# Angular velocity

In physics, the angular velocity is defined as the rate of change of angular displacement and is a vector quantity (more precisely, a pseudovector) which specifies the angular speed (rotational speed) of an object and the axis about which the object is rotating. The SI unit of angular velocity is radians per second, although it may be measured in other units such as degrees per second, degrees per hour, etc. Angular velocity is usually represented by the symbol omega (ω, rarely Ω).

The direction of the angular velocity vector is perpendicular to the plane of rotation, in a direction which is usually specified by the right-hand rule.[1]

## Angular velocity of a particle

### Particle in two dimensions

The angular velocity of the particle at P with respect to the origin O is determined by the perpendicular component of the velocity vector v.
The angular velocity describes the speed of rotation and the orientation of the instantaneous axis about which the rotation occurs. The direction of the angular velocity pseudovector will be along the axis of rotation; in this case (counter-clockwise rotation) the vector points up.

The angular velocity of a particle is measured around or relative to a point, called the origin. As shown in the diagram (with angles ɸ and θ in radians), if a line is drawn from the origin (O) to the particle (P), then the velocity (v) of the particle has a component along the radius (radial component, v) and a component perpendicular to the radius (cross-radial component, v). If there is no radial component, then the particle moves in a circle. On the other hand, if there is no cross-radial component, then the particle moves along a straight line from the origin.

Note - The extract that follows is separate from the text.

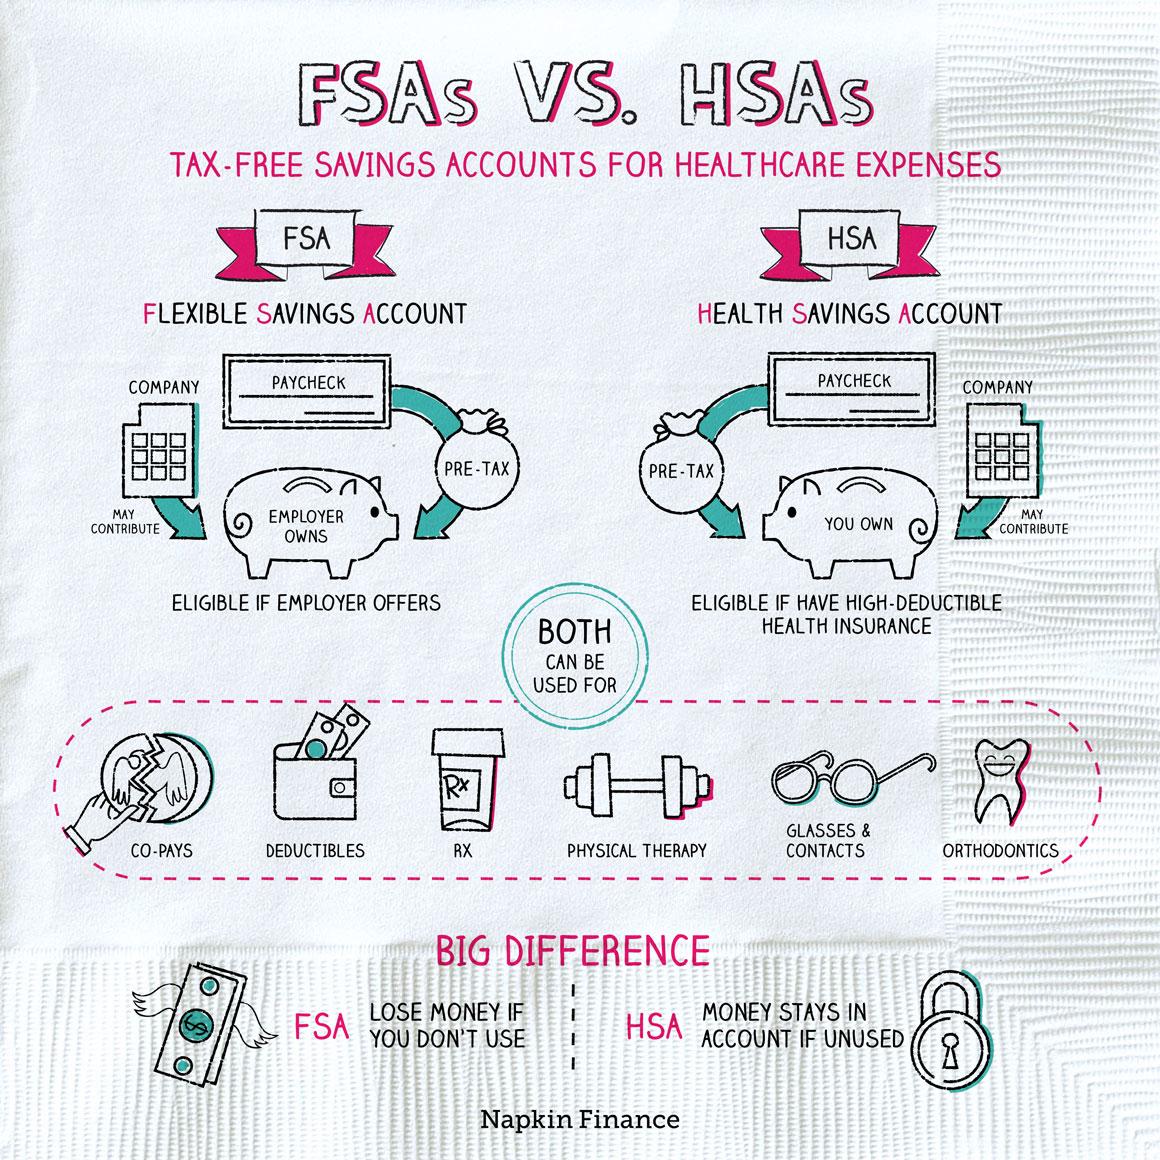 FSA vs HSA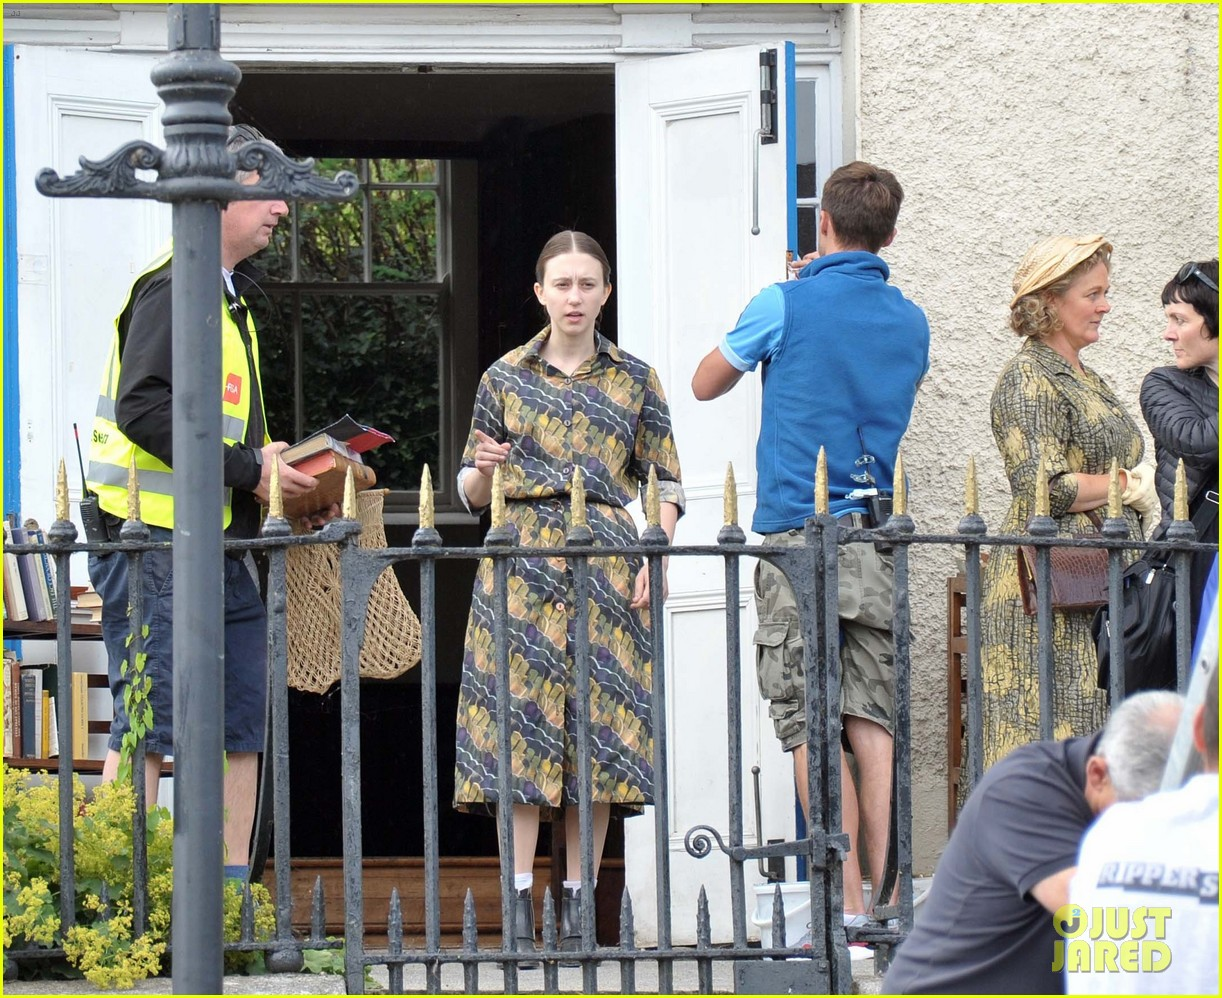 sebastian stan taissa farmiga filming movie ireland 16

A radial motion produces no change in the direction of the particle relative to the origin, so for purposes of finding the angular velocity the radial component can be ignored. Therefore, the rotation is completely produced by the perpendicular motion around the origin, and the angular velocity is completely determined by this component.

In two dimensions the angular velocity ω is given by

${\displaystyle \omega ={\frac {d\phi }{dt}}}$

This is related to the cross-radial (tangential) velocity by:[1]

${\displaystyle \mathrm {v} _{\perp }=r\,{\frac {d\phi }{dt}}}$

An explicit formula for v in terms of v and θ is:

${\displaystyle \mathrm {v} _{\perp }=|\mathrm {\mathbf {v} } |\,\sin(\theta )}$

Combining the above equations gives a formula for ω:

${\displaystyle \omega ={\frac {|\mathrm {\mathbf {v} } |\sin(\theta )}{|\mathrm {\mathbf {r} } |}}}$

In two dimensions the angular velocity is a single number that has no direction, but it does have a sense or orientation. In two dimensions the angular velocity is a pseudoscalar, a quantity that changes its sign under a parity inversion (for example if one of the axes is inverted or if they are swapped). The positive direction of rotation is taken, by convention, to be in the direction towards the y axis from the x axis. If parity is inverted, but the sense of a rotation does not, then the sign of the angular velocity changes.

There are three types of angular velocity involved in the movement on an ellipse corresponding to the three anomalies (true, eccentric and mean).

### Particle in three dimensions

In three dimensions, the angular velocity becomes a bit more complicated. The angular velocity in this case is generally thought of as a vector, or more precisely, a pseudovector. It now has not only a magnitude, but a direction as well. The magnitude is the angular speed, and the direction describes the axis of rotation. The right-hand rule indicates the positive direction of the angular velocity pseudovector.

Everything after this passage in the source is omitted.